- _Materials provided_
╭──

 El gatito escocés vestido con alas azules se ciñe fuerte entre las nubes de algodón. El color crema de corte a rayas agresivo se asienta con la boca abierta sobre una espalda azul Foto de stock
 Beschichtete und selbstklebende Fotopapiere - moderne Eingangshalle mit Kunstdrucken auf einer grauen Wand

╰──
╭──

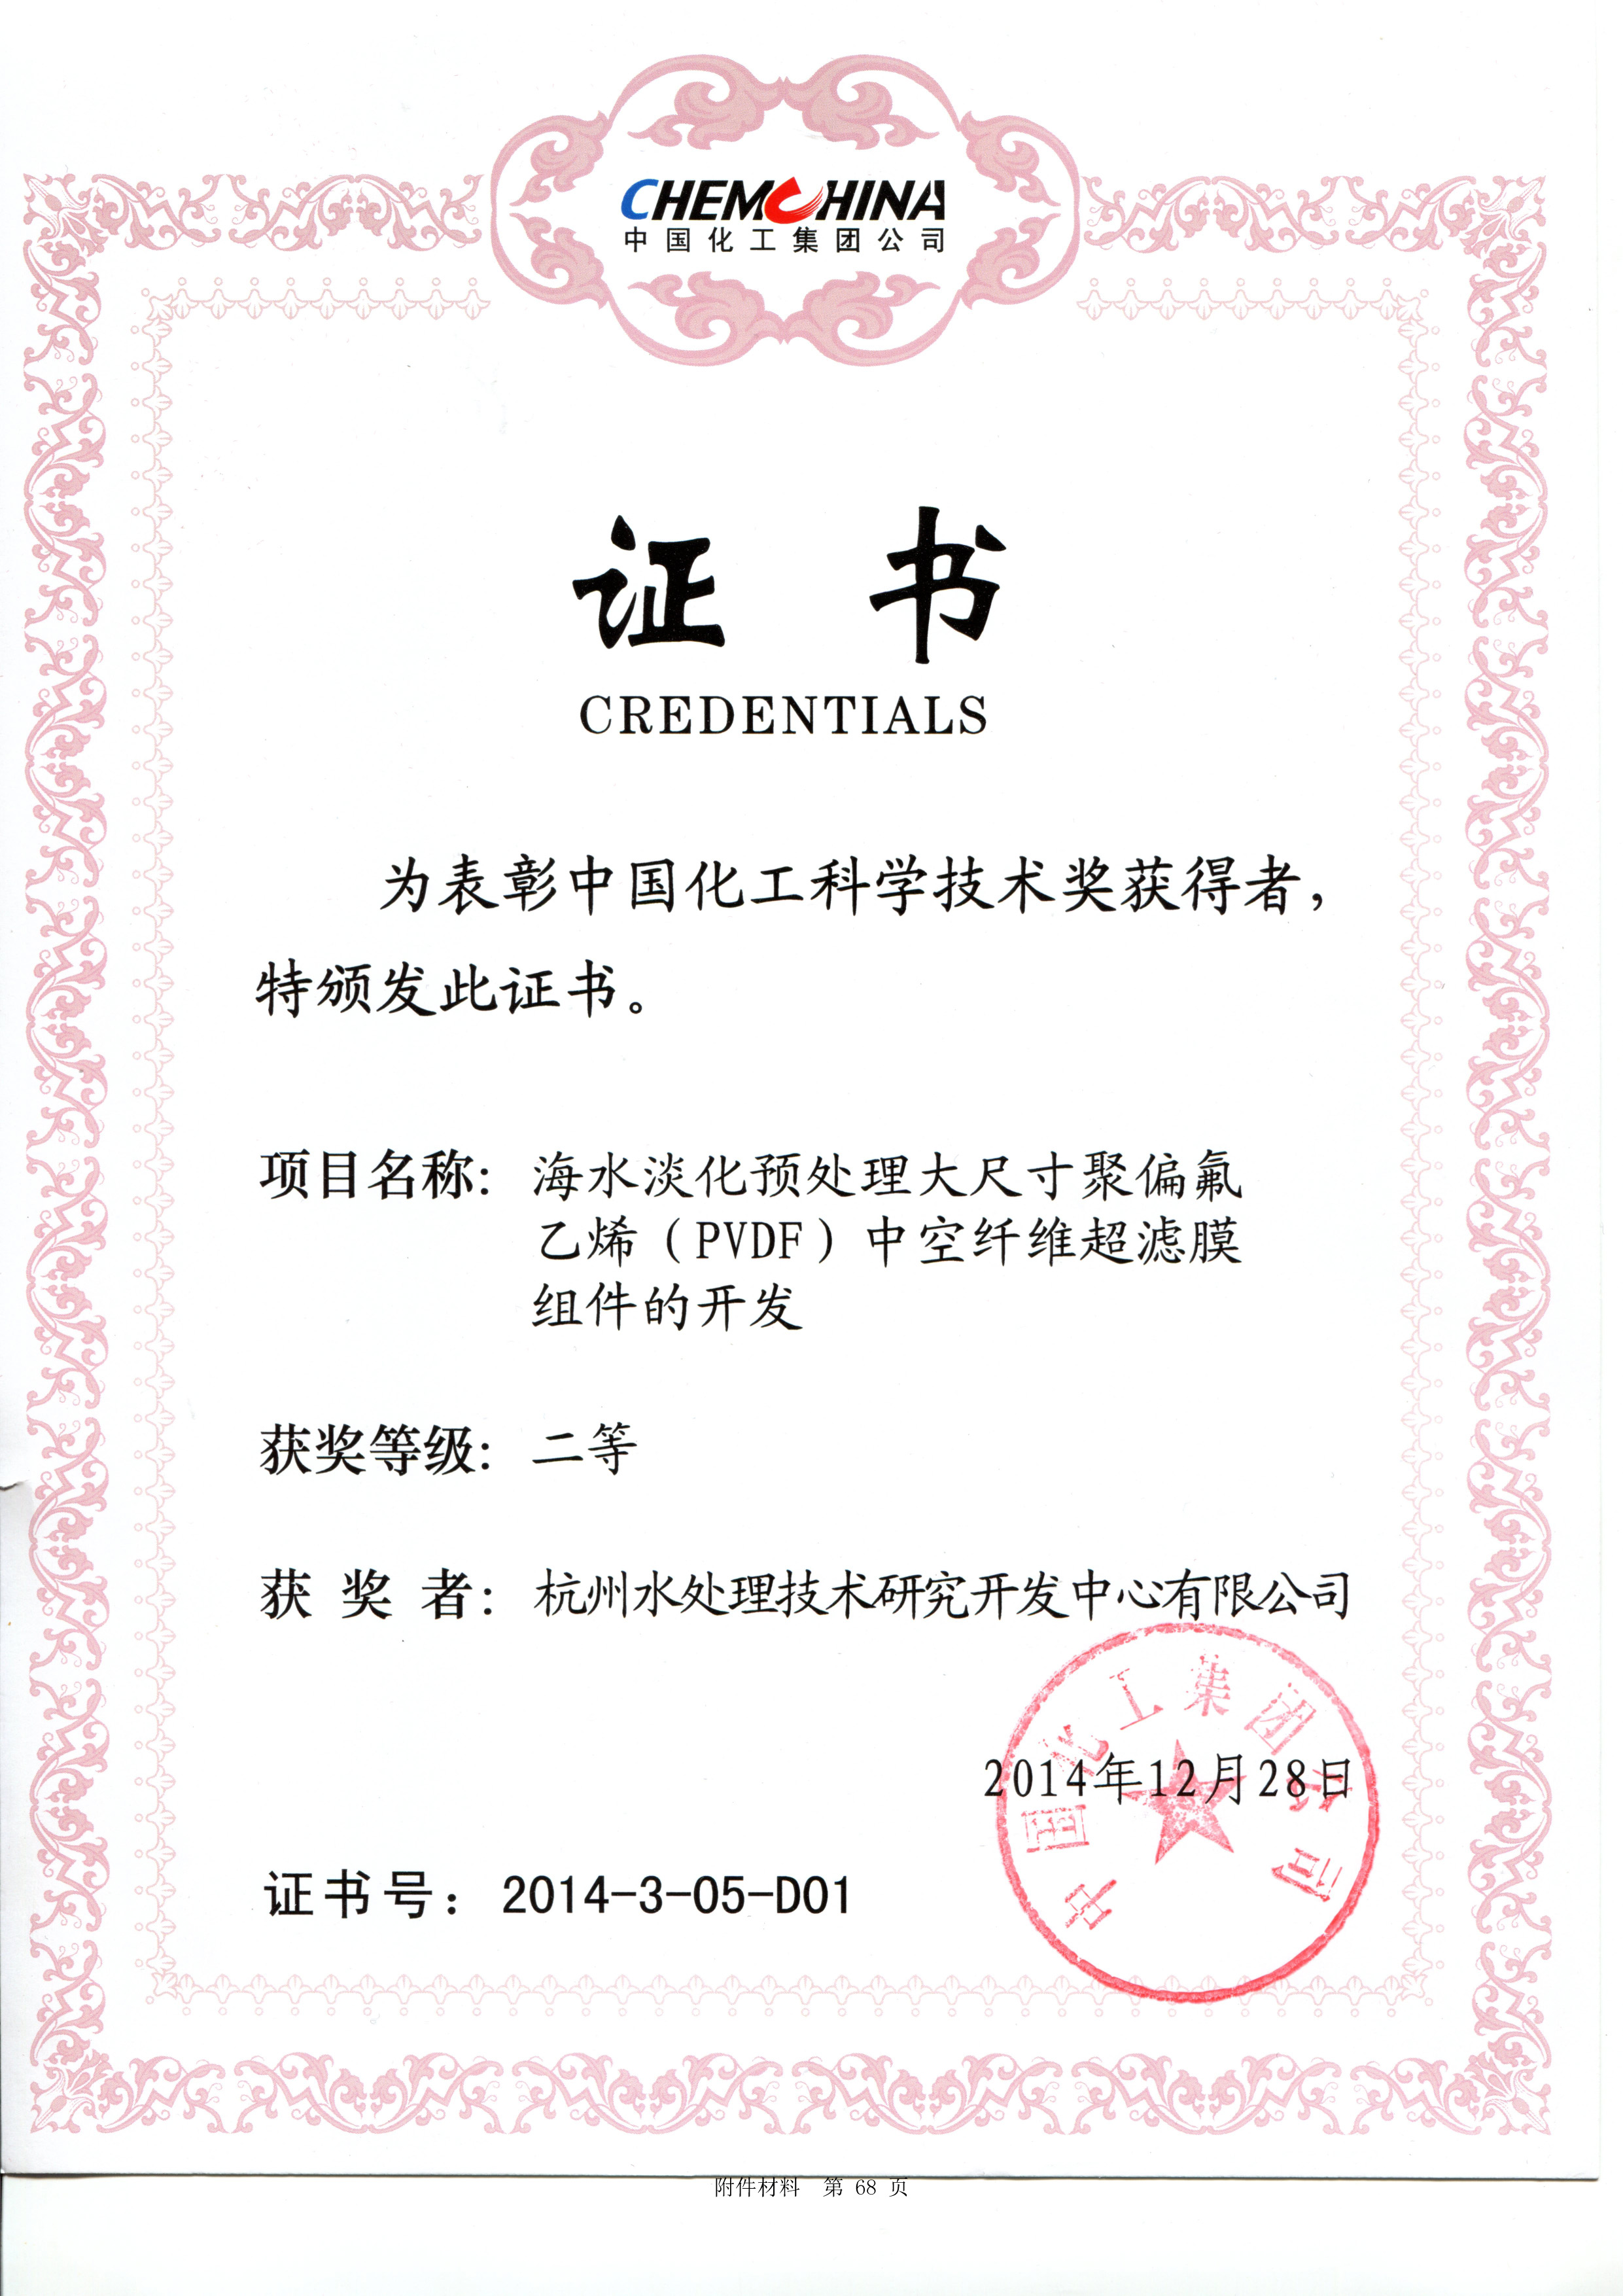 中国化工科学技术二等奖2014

╰──

- _Task prompt_
Working from the records above, write out verbatim only the lines from the line containing "El gatito escocés" through the line containing "Beschichtete und selbstklebende".

- _Result below_
 El gatito escocés vestido con alas azules se ciñe fuerte entre las nubes de algodón. El color crema de corte a rayas agresivo se asienta con la boca abierta sobre una espalda azul Foto de stock
 Beschichtete und selbstklebende Fotopapiere - moderne Eingangshalle mit Kunstdrucken auf einer grauen Wand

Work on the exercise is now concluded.